The Oscars

I suppose I resisted publishing a blog for a long time because I didn’t want to appear arrogant, but I might as well face the truth about myself–that I’m as conceited as the millions of bloggers worldwide who think they have something to say that anyone would be interested in reading. Why do this except to find a public outlet for the incessant verbiage I direct at myself as I go about my day? So without launching on an apology that would sound hollow I’ll just warn you that many of my posts will be essay-length rather than short bursts of inspiration.
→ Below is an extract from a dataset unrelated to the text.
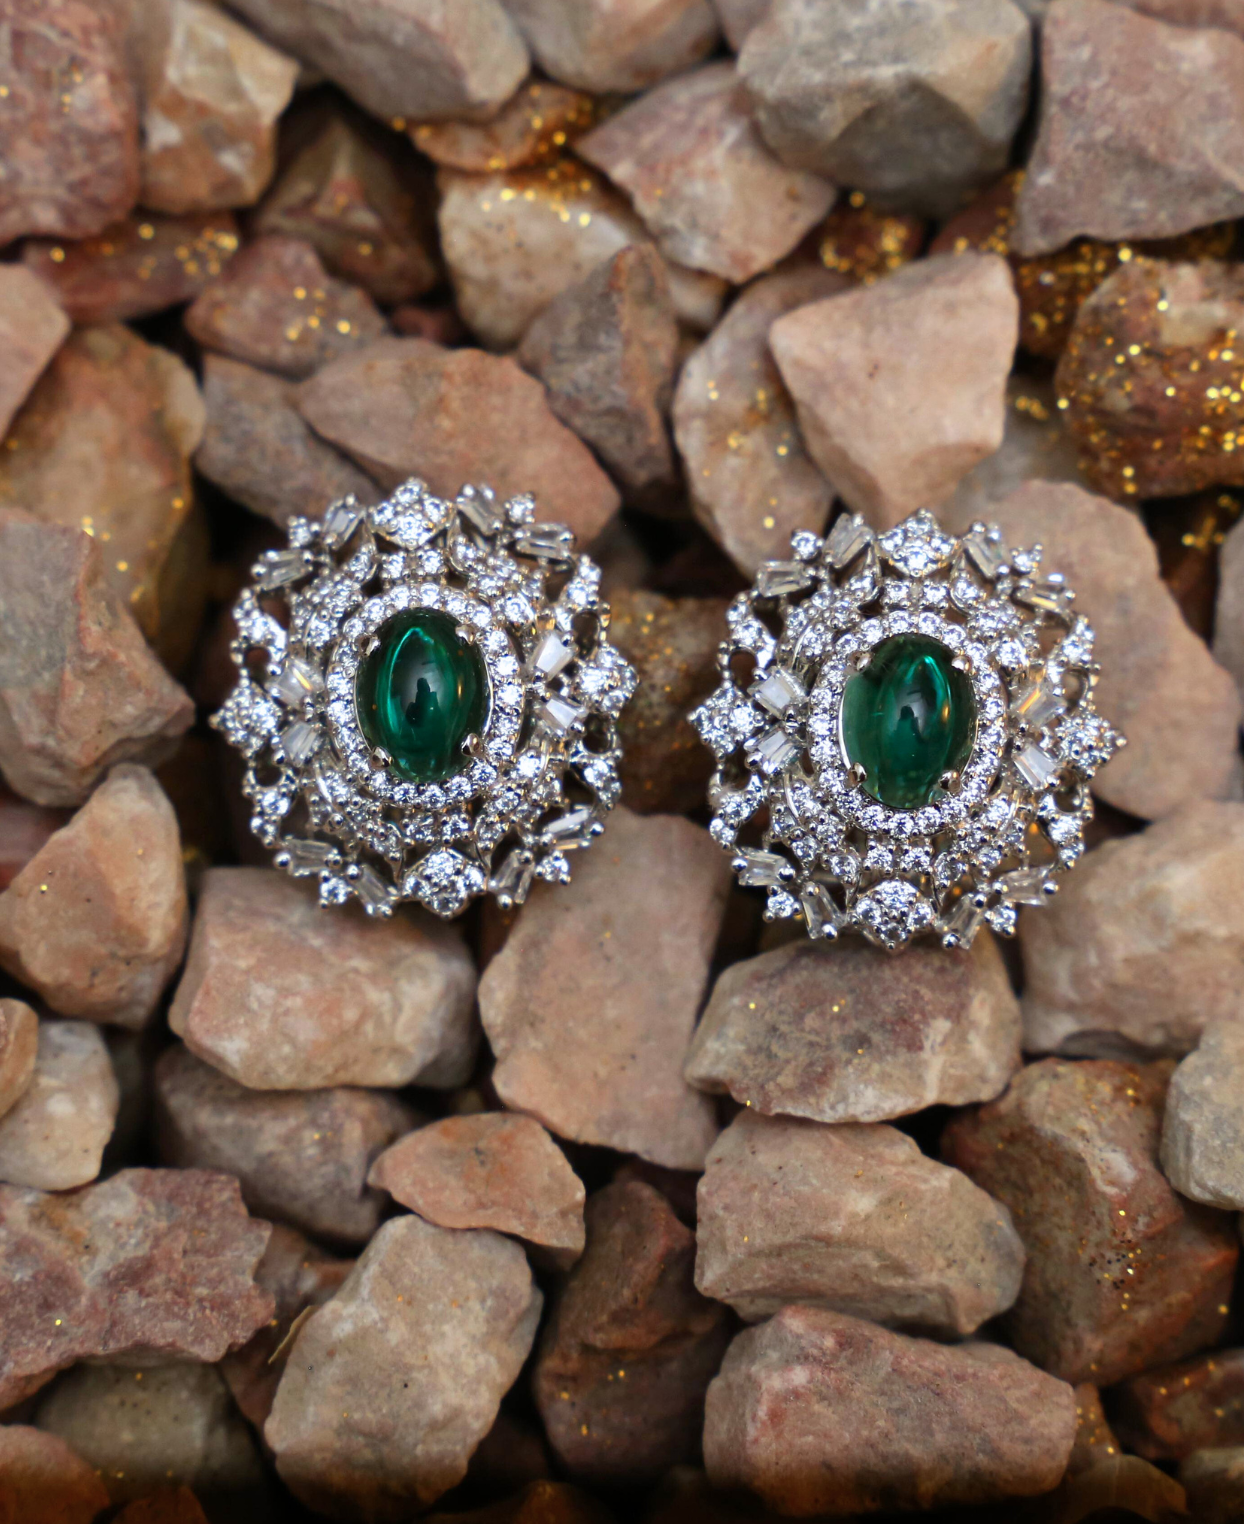 Emerald in a Diamond Mine

Oh, well…

I was watching the Oscars this weekend as I do every year, a guilty pleasure in the pomp and pageantry of flouncy skirts, low necklines, and back-patting that Hollywood indulges in annually; and again this year as in the past I could not reconcile myself to the central absurdity of such award ceremonies–that although one can make judgments and evaluations about artistic expression, it is fundamentally impossible to decide which is better among excellent performances/productions, etc.
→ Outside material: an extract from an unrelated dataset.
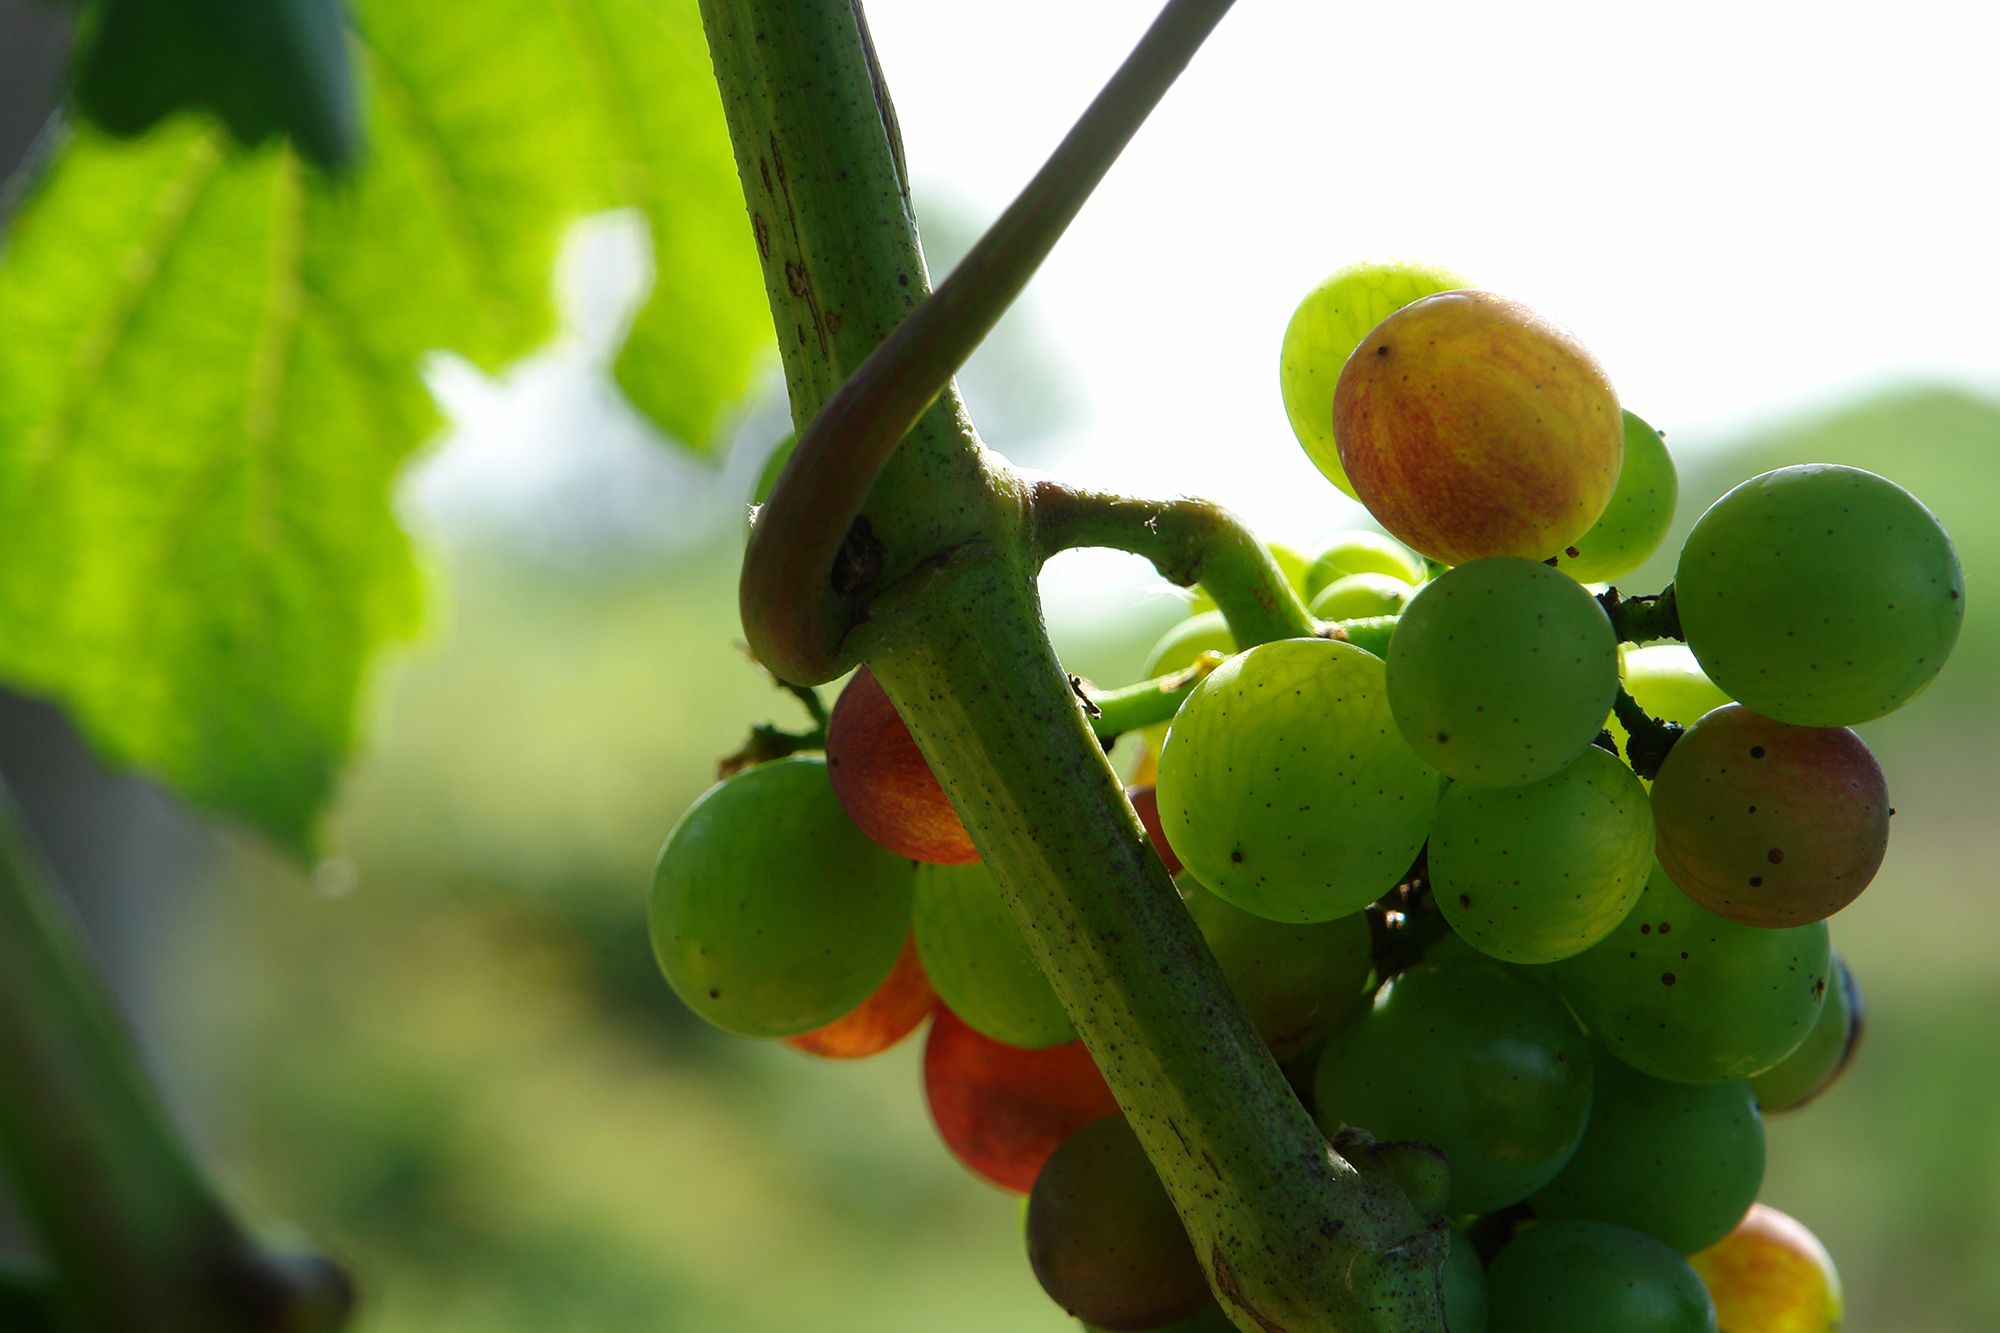 ヴェレゾン（色づき）が始まった甲州。甲州から造られるのは原則として白ワインだが、じつは果皮の色は紫色をしている。

I mean, what criteria does one use to decide that Sean Penn’s performance was better than Frank Langella’s, given that each of them played a different character? Isn’t this a question of judging apples and oranges? Can we actually say that one was more intense than the other? Or that there was an evaluative difference in the way each of them “inhabited” his character? I mean other than a subjective “I was more moved by this one over that?”

Why, for instance, was Heath Ledger nominated as a shoo-in for his performance and Ayush Khedekar, the kid from Slumdog, not even considered? When Ledger stuck his head out of the car with that crazed grin and heady embrace of the wind as his vehicle careened through the streets of Gotham was it really a more transcendent moment than Khedekar’s excrement-covered, triumphant march through the slum towards his movie idol? Did it count for nothing that this kid from the sewage delivered a nuanced performance that was as expressive in its range of emotions and as skillful as anything a seasoned actor would deliver? The point is that there’s no real way to tell which is Better!

So popularity, politics, money (bushels of it), and shameless promotion amid cries of “it’s his/her/their time this year” are what determine the winners. I guess I should just accept it for what it is and move on–tinsel town purring praise on itself! Of course, I could also throw into the mix American Idol or Figure Skating or Olympic Diving or anything else that seeks winners based on flimsy, subjective criteria–yes, skating and diving, for all their putative “objective” standards, are doomed by definition to be subjectively judged!






One response to “The Oscars”

  1. Flex Avatar

    This is great! I agree, the poo diving kid in Slumdog was quite memorable.
    I look forward to reading more of your brilliant insights.